No less than a dozen years ago, with characteristic foresight, Tim O’Reilly recognized that the driving source of value in IT was once again shifting. Over the decade from roughly 1985, value shifted from hardware to software as computers themselves were commoditized. Now, some thirty years later, value is shifting again, from software to data. (For context, see my article on how enterprise software went from being the best place for a VC to invest to one of the worst over the past twenty years Enterprise Software: Death and Transfiguration.)
Data generates business value to the extent that it is mined to extract meaningful and actionable information. This is the sharp end of the Machine Learning juggernaut, where the development of new computational processes generally known as “deep learning” neural networks are doing just that. Practitioners at the frontier, like Yann Lecun of NYU and Facebook, are at pains to counter the renewed hype over Artificial Intelligence that these real achievements have generated. (For those interested in a skeptical take on the first generation of AI hype, see my piece on “Financing the Future” of AI, delivered at the MIT AI Lab in 1982…yes, 35 years ago!) Behind the hype and likely to survive its frustration, machine learning techniques are transforming the economics of production, distribution and consumption.

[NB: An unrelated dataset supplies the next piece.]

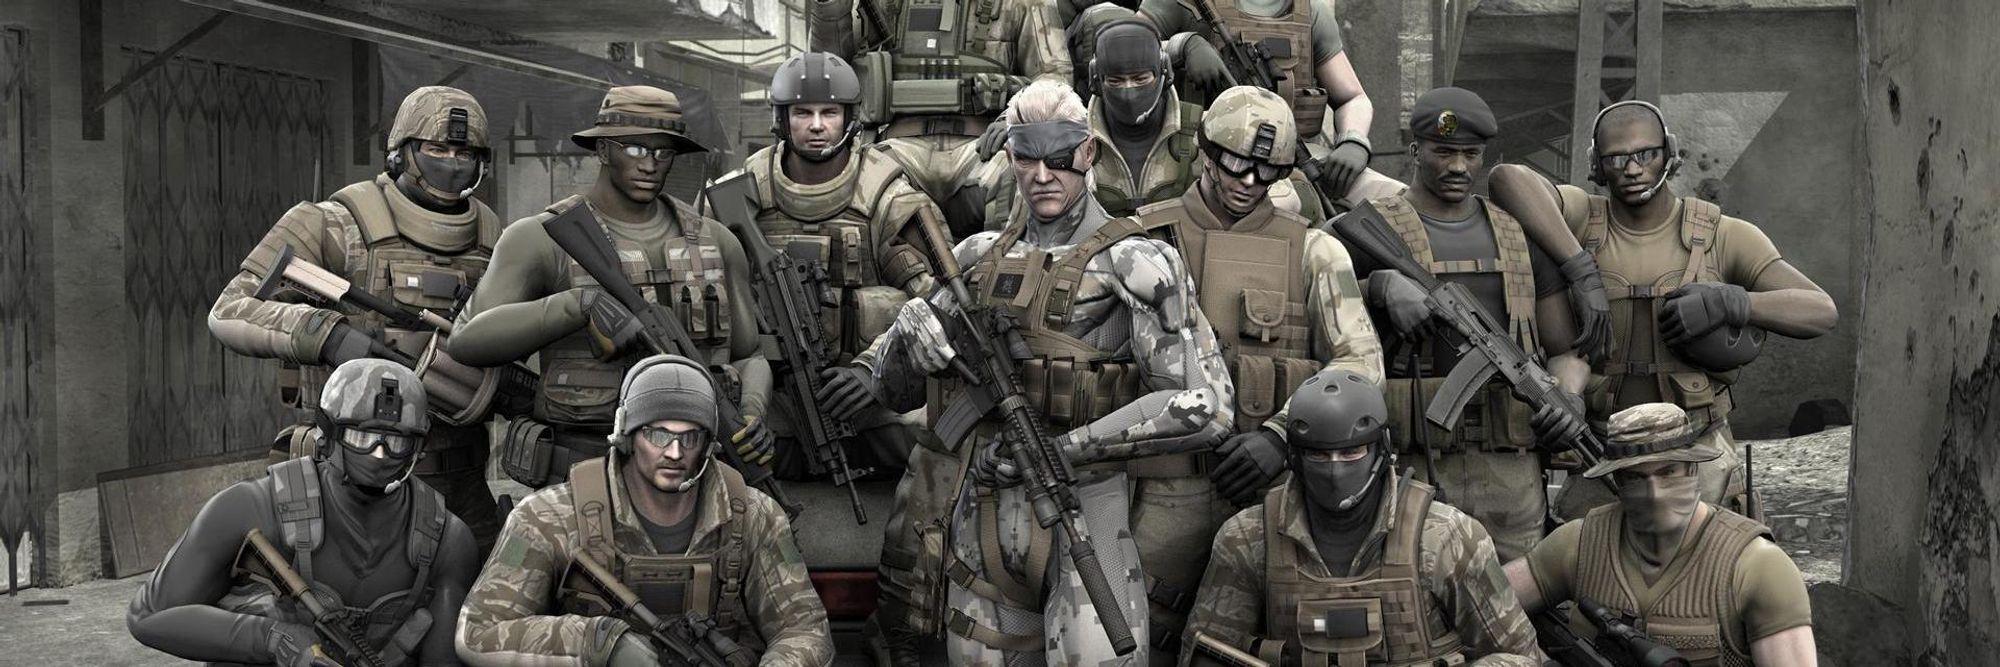 Les Nytt Metal Gear Online blir avslørt neste veke

The more data, the better the algorithms. And the better the algorithms, the better the quality of service offered by Amazon, Facebook or Google. This is the positive feedback law of machine learning. Previous sources of market power have been patents (Xerox), network externalities (IBM) and government regulations and franchises (ATT). All of these still matter, of course, in the age of the internet. But machine learning as a source of competitive advantage adds another, technological driver whereby those whose offerings — for whatever initial reason —achieve market leadership are endowed with an amplifying ability continuously to improve their relative market position.
So here is the double, paradoxical hypothesis that arises from considering the right question about the Productivity Puzzle. The second half of the Digital Revolution (Gordon’s IR #3) will see productivity of the Rest rise. But even as average productivity emerges from its slump, the Best will continue to maintain, perhaps widen further, their already enormous lead.